The things I'm proudest of.

  • Tile-typed surface language with explicit shape, layout, and memory-space attributes (`Tile<f32, [BM, BK]>`, `tile.load`/`tile.store`), plus a separate schedule block with Halide/Triton-style directives (tile, bind, vectorize, unroll, parallel, pipeline, prefetch, swizzle, fuse). Schedule is separate from algorithm.

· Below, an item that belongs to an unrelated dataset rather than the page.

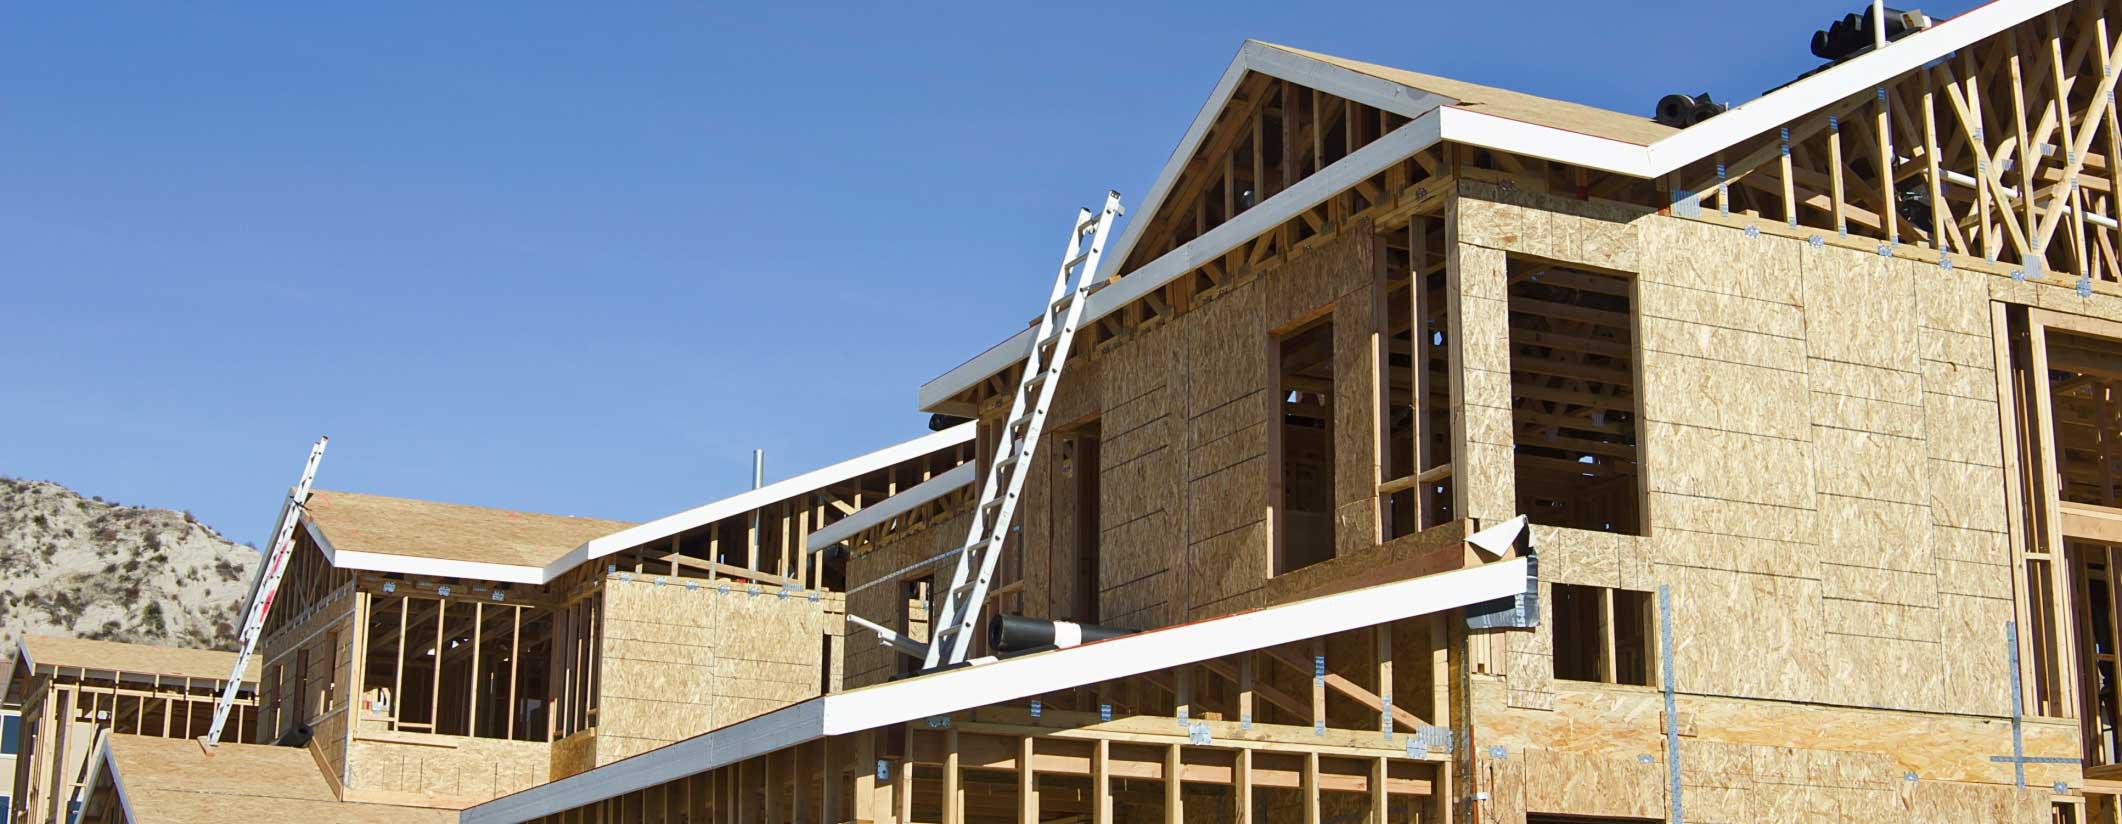 M v f larochelle inc entreprise de construction abitibi for Entreprise de construction

  • Five-pass static type checker with clang-style diagnostics (`file:line:col: error:`, notes, hints, source-line carets). Catches shape mismatches, dangling iter-var references, invalid bind dimensions, and out-of-range pipeline depths at compile time.
  • Custom `tile` MLIR dialect as the connective tissue between backends. ODS/TableGen for op declarations and verifiers; standard pattern-rewrite for transformations; ANTLR4 → AST → tile dialect → backend lowering, composed via PassManager so every stage is inspectable.
  • Two backends, one source. CPU: tile → linalg + memref + scf → LLVM dialect → LLVM IR → x86-64 AVX2 assembly via `llc`. GPU: tile → gpu + nvgpu, targeting sm_80 tensor cores via `nvgpu.mma.sync` (mmaShape=[16,8,16], fp16 in, fp32 accum) with `cp.async` for global-to-shared staging.
  • End-to-end at the IR level on both paths; CPU path also produces real x86 assembly on disk. Lit suite covers the parser, type checker, dialect verifiers, each lowering pass, and one end-to-end CPU run. Hardware-backed validation is the next milestone (see per-backend writeups).